PROBLEM TO WORK ON
Set down, exactly and only, everything from the line containing "Ivory long chiffon and lace matric farewell dress 2" down to the line containing "Willie Nelson Quote" in the data below; the pictures are not part of the copy.

INPUT RECORDS
□ □ □ □
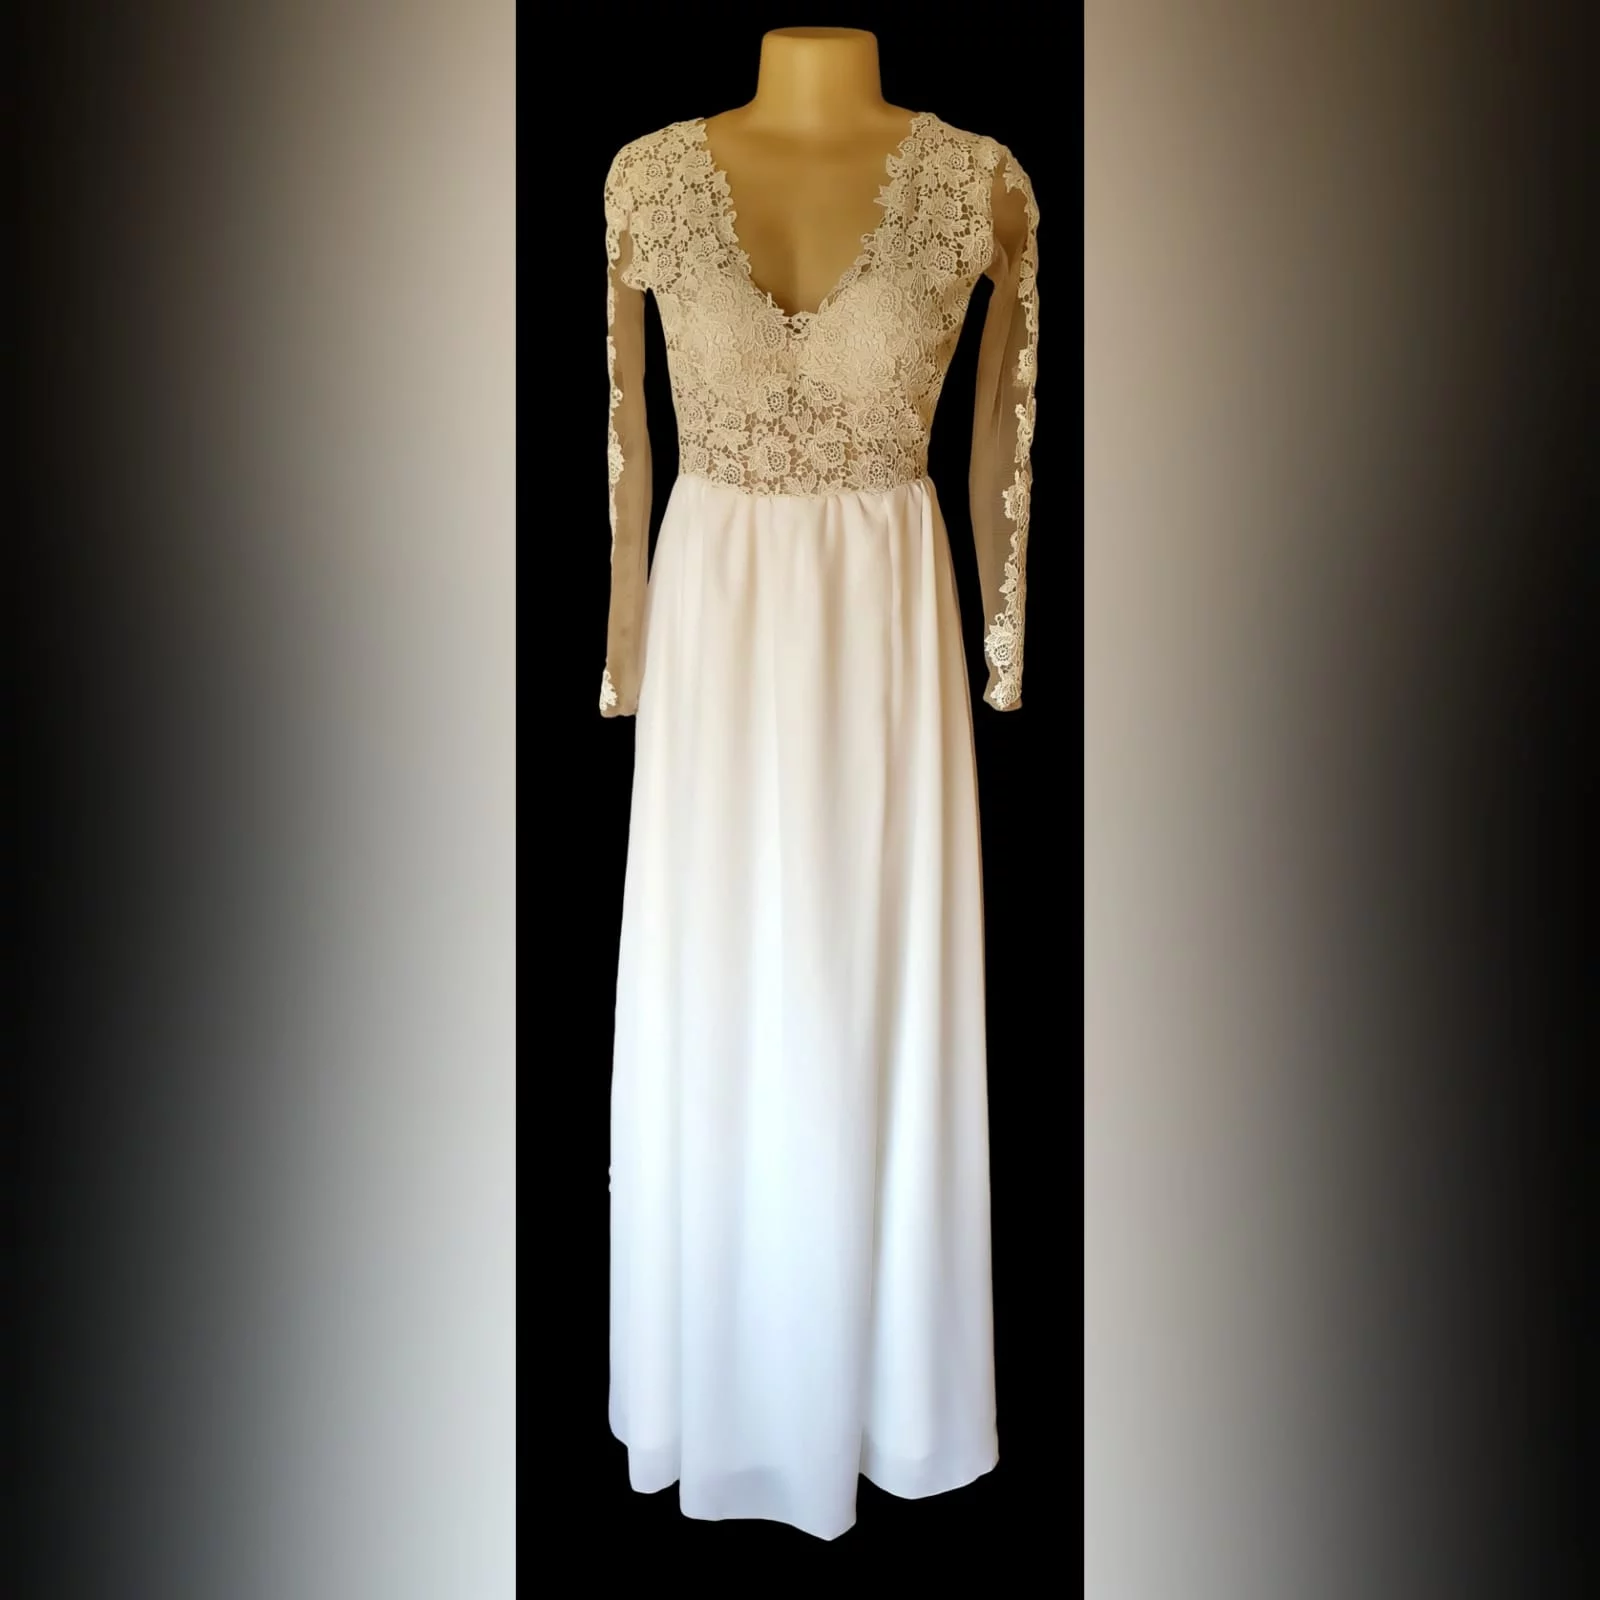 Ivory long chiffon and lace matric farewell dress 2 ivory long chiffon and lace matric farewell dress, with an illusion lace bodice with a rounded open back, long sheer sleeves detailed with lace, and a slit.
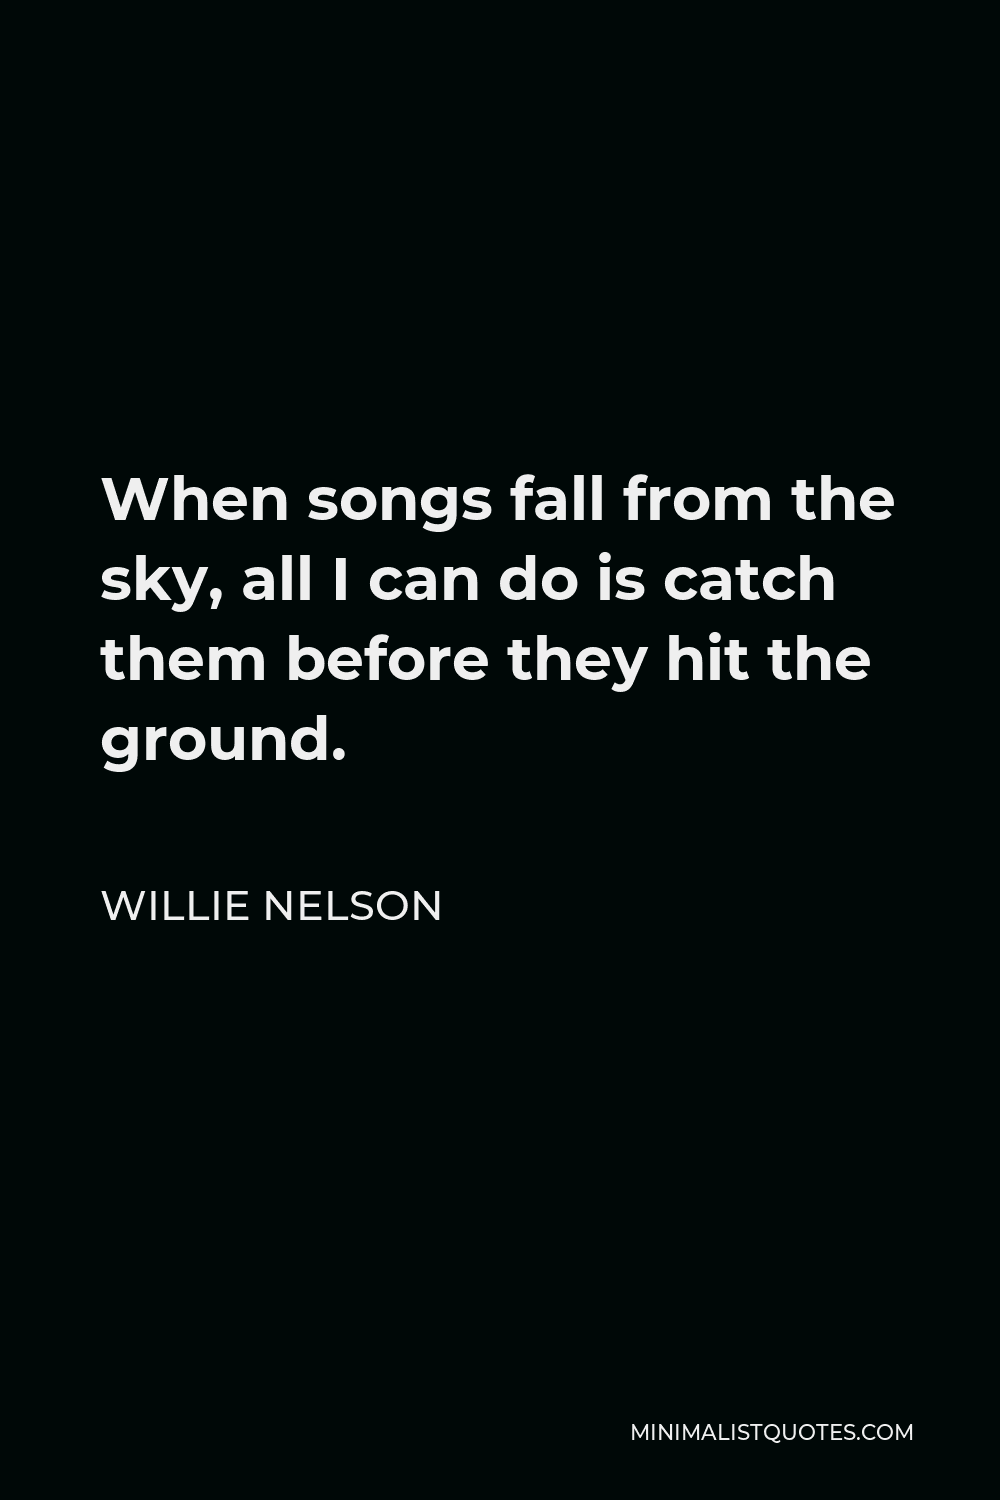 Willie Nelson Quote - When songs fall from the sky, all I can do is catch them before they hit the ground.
□ □ □ □
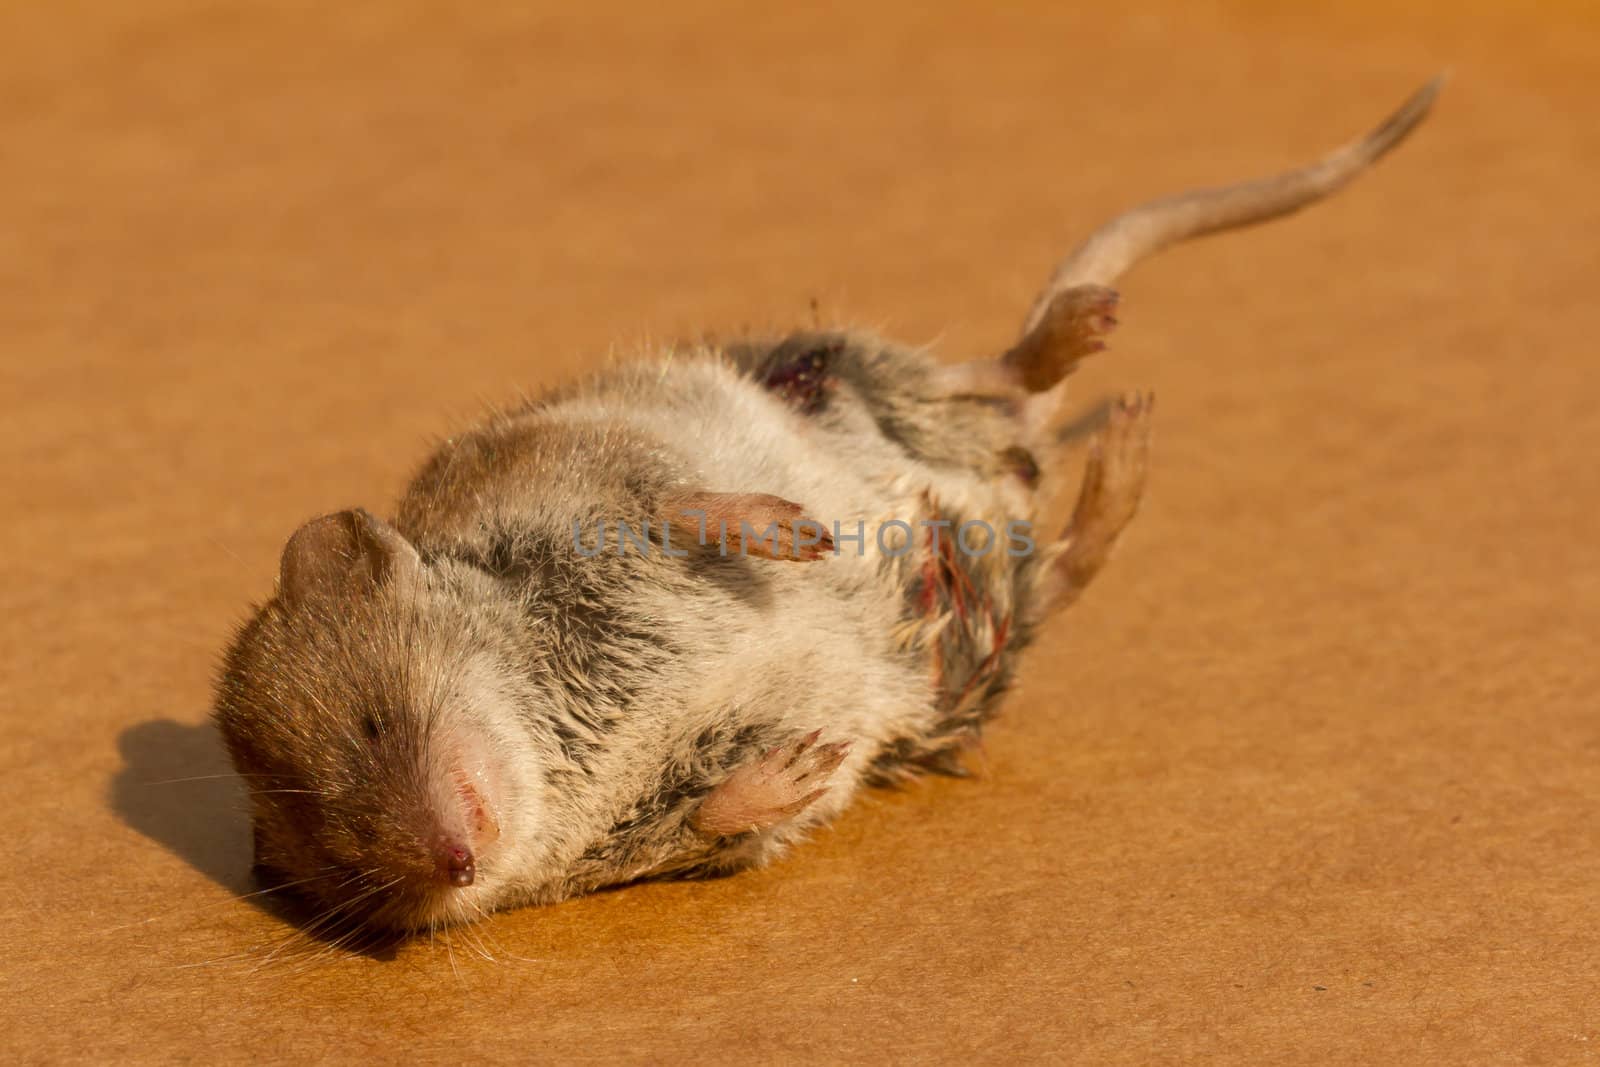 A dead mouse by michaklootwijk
□ □ □ □
REPLY
 Ivory long chiffon and lace matric farewell dress 2 ivory long chiffon and lace matric farewell dress, with an illusion lace bodice with a rounded open back, long sheer sleeves detailed with lace, and a slit.
 Willie Nelson Quote - When songs fall from the sky, all I can do is catch them before they hit the ground.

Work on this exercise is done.